Dolphin in captivity dies from cancer aggravated by stress in Turkey, rights group claims

Dolphin in captivity dies from cancer aggravated by stress in Turkey, rights group claims

ANTALYA – Doğan News Agency
Dolphin in captivity dies from cancer aggravated by stress in Turkey, rights group claims

DHA Photo

A dolphin reportedly forced to perform for entertainment has died of cancer due to stress, an animal rights group announced, demanding that the facility holding some three other dolphins be closed and for animals to be freed.

The dolphin died in Moonlight Dolphin Park in Turkey’s southern province of Antalya’s Kemer district yesterday and there are still three dolphins being used by the facility, according to the initiative “Freedom for Dolphins Platform” (Yunuslara Özgürlük Platformu).

Ayışığı Facility’s Moonlight Dolphin Park was sold by its owner to Selicor Tourism and the Dolphin Show Center in it was sold to Ergün Tourism, which holds therapy sessions with disabled children.

A dispute between the owner of the facility and the renters moved the sites to the court and the public prosecutor closed the park down on Aug 12.

The dolphins’ destiny was left in an uncertain situation from then on and one dolphin died of cancer yesterday.

The platform asked officials to determine the reason of death and for the other three dolphins to be examined in case of a contagious disease, requesting for dolphins to be transferred to a special area for them as the park is set to remain closed permanently.

The platform’s representative Öykü Yağcı said Antalya holds a record in Turkey by hosting five dolphins show parks.

At Sealanya Dolphin Show Center, some four dolphins had died in succession in 2010, but there had been no legal investigation into the case.

The initiative also asks for “the captivity of marine mammals that has been going on in nine different facilities in our country to be ended.”

“In dolphin parks, an outdated sense of entertainment which lacks empathy is imposed on our children.
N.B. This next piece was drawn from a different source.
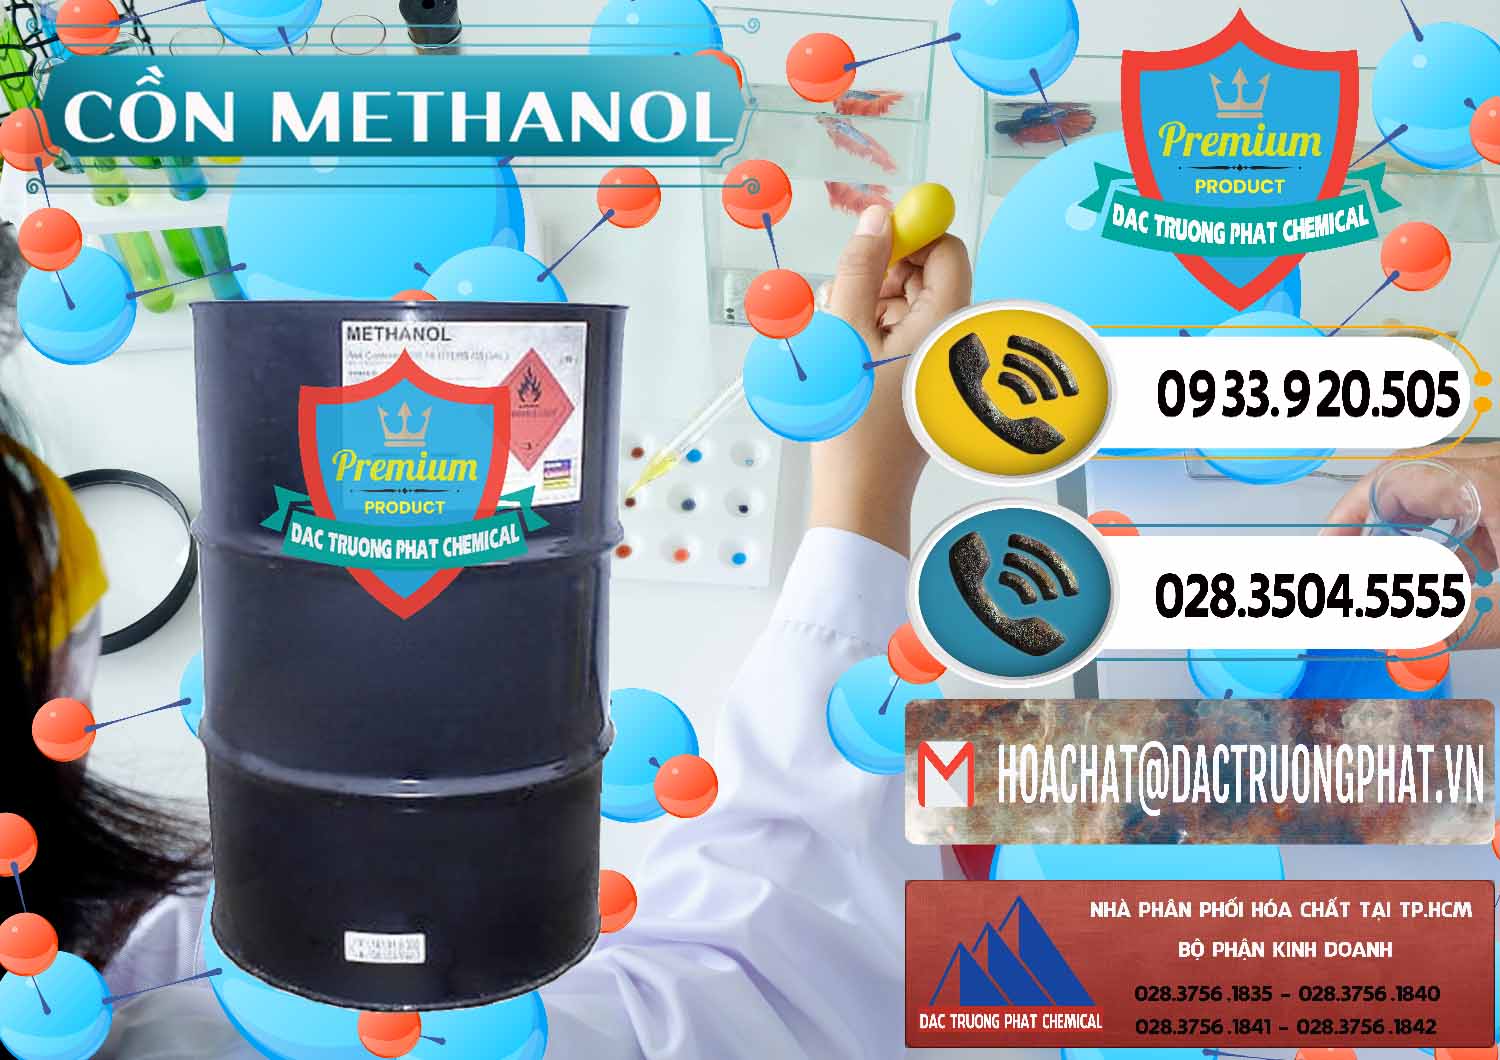 Nơi nhập khẩu _ bán Cồn Methanol - Methyl Alcohol Mã Lai Malaysia - 0331 - Nơi cung ứng _ phân phối hóa chất tại TP.HCM - hoachatdetnhuom.vn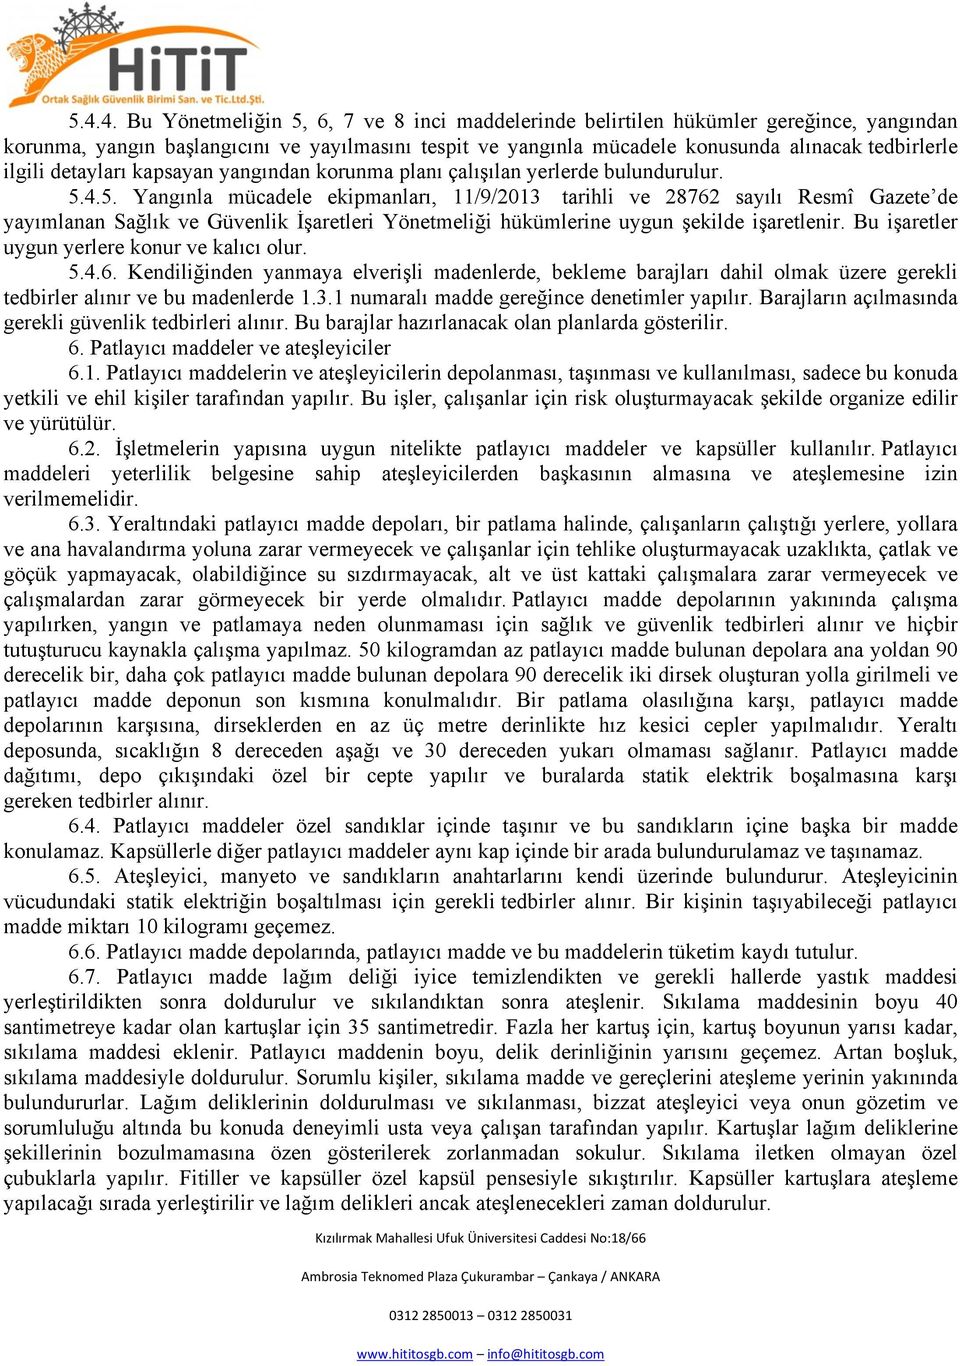 4.5. Yangınla mücadele ekipmanları, 11/9/2013 tarihli ve 28762 sayılı Resmî Gazete de yayımlanan Sağlık ve Güvenlik İşaretleri Yönetmeliği hükümlerine uygun şekilde işaretlenir.

These captive marine animals, far away from their natural habitats and natural behavior, are misrepresented to our children who eventually become part of this dirty commerce,” the group says.

Dolphins, whales, sea lions, seals and walruses are among the species which are forbidden to hunt.

Keeping them in captivity and using them for commercial purposes is a violation of the Bern Convention on the Conservation of European Wildlife and Natural Habitats, which is also signed by Turkey, the platform states on its website.

The Dolphin Park in Antalya’s Kaş, which received strong criticism from NGOs for using the animals for show, was finally closed in May.

Two dolphins kept in captivity in a dolphin park were transferred on April 25 to the Moonlight Dolphinarium in Kemer following an outcry over their treatment.

The dolphins were previously brought to Kaş for rehabilitation from the Aegean province of Muğla’s Bodrum town but were in fact kept at the center that used the animals for entertainment.